Congested roads; potholed roads; littered public spaces; thoughtlessly designed flyovers and subways; lack of proper signage for road directions or information; public urination and spitting… the list goes on and on. This is our city — Namma Bengaluru.
Reams have been written about it, but a solution fails to rise over the horizon. Only suggestions and ideas keep floating, which seem great, but whether they would help, and in what way, remains unclear. It is only making the average Bengalurean more cynical over the “hell hole” we have allowed to be created to live in.
Take congested roads, for instance. On Thursday, Mohandas Pai, Chairman, Manipal Global Education Services (MaGE) and advisor, Manipal Education & Medical Group (MEMG), who is also the former Chief Financial Officer of Infosys, suggested creating a “digital twin” of Bengaluru to track road congestion over the last five years, study the causes, and analyse them.
This would reveal where the “hot spots” are in the city, why traffic jams occur, and come up with solutions to prevent congestion on the roads in future. A great idea, which Pai floated at the Move In Sync Mobility Symposium 2024, held in Bengaluru on Thursday, attended by industry leaders, dignitaries, policymakers, among others with an eye on finding mobility solutions for the city.
Why just road congestion, any of the problems mentioned can be addressed nowadays using technology to map, analyse and then find solutions for them — at least idealistically or theoretically. Putting the solutions into practice however is, and will, remain a big challenge — seemingly almost impossible to overcome.
But let’s not get bogged down assuming it’s impossible. We know it is possible to overcome these and put solutions in place. You know why? Because the solutions are in us, and should come from us — we the people. Like the push that the citizens and experts, including Pai, made at the Move In Sync Mobility Symposium on Thursday.
There’s also another reason — and a crucial one — why solutions have to come from “we the people”. While most of the potential solutions are in us, most of the civic problems too originate in us. Either we are directly responsible due to the lack of proper civic behaviour, or indirectly responsible due to our own apathy and indifference towards pressing for our rightful demands for proper civic infrastructure persistently and forcefully, albeit in a civil manner.
The latter especially holds true for scientifically laying footpaths, well-designed and sturdy, durable roads; for flyovers that help decongest rather than pose as bottlenecks; for subways that do not flood and claim lives; for signage that do not confuse; for proper street-lighting; for uninterrupted water and power supply; and for security.

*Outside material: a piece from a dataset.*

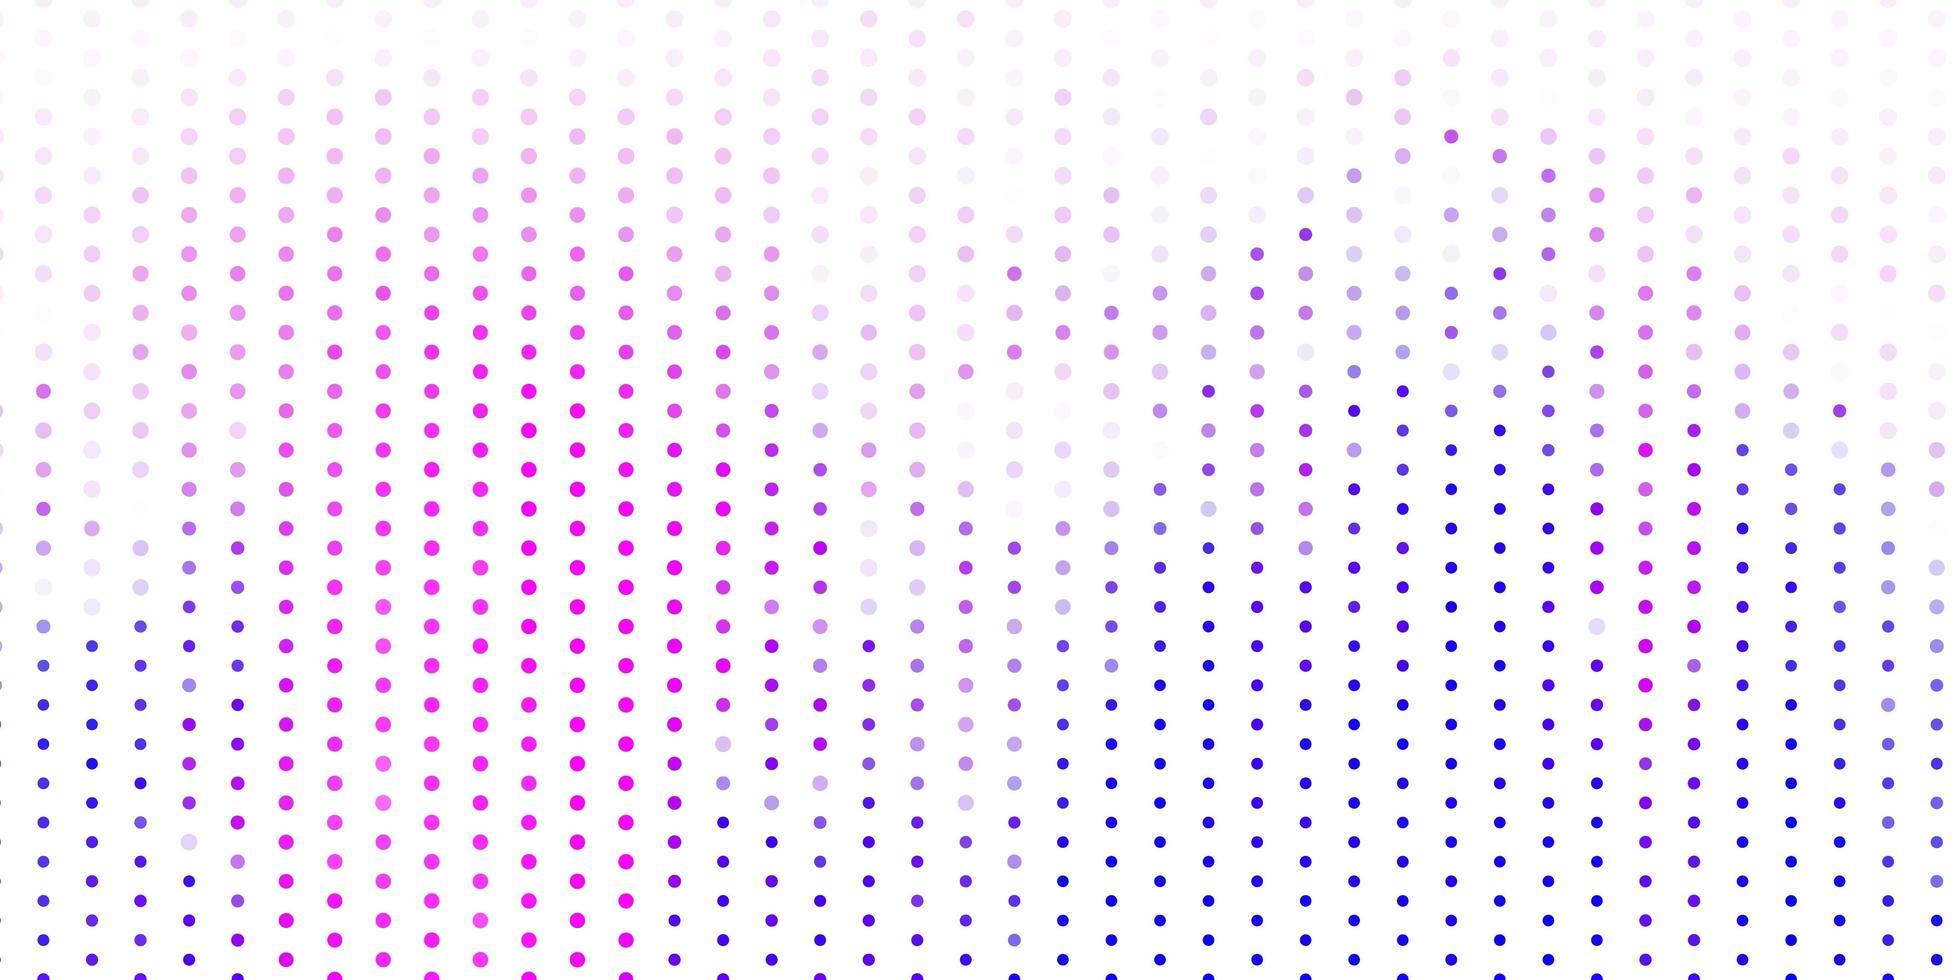 textura de vector rosa claro, azul con discos.

But if and when we are granted these, we are directly to blame for our lack of proper civic behaviour, which results in congested roads, littered public spaces, and unhygienic public spaces due to acts of spitting, urinating and nose-blowing, which are among the most disgusting to sight and mind.
It must be remembered that no amount of impressive planning, which may appear sophisticated, can rid our civic problems if the citizen behaviour is not appropriate — not when it is at its nadir, as we daily witness in the city.
If Abraham Lincoln’s “Democracy is the government of the people, by the people and for the people” is true in the political sense, perfection in civic machinery and principles to are “of the people, by the people and for the people” — for which appropriate and responsible civic behaviour is imperative.
We keep our homes clean, spic-and-span as much as we can, but leave our civic sense locked behind when we step out. Prevailing civic infrastructure problems are merely complained about, without the citizens coming together and making forceful demands on the government and the civic agencies to ensure that the wrongs are corrected for the city to function smoothly. The need of the hour is for us citizens to step up our civic consciousness and conscience to push hard for what we need in our city — with or without the civic elections.
What holds good for Bengaluru today holds good for all other leading cities and towns in the state. It is only when citizens nurture a feeling of ownership of the city or town they live in and be empathetic towards each other while motoring, walking or going through their daily routines with a high degree of civic conscience, that can we take steps towards erasing the civic maladies that persist today. It is we who can do it!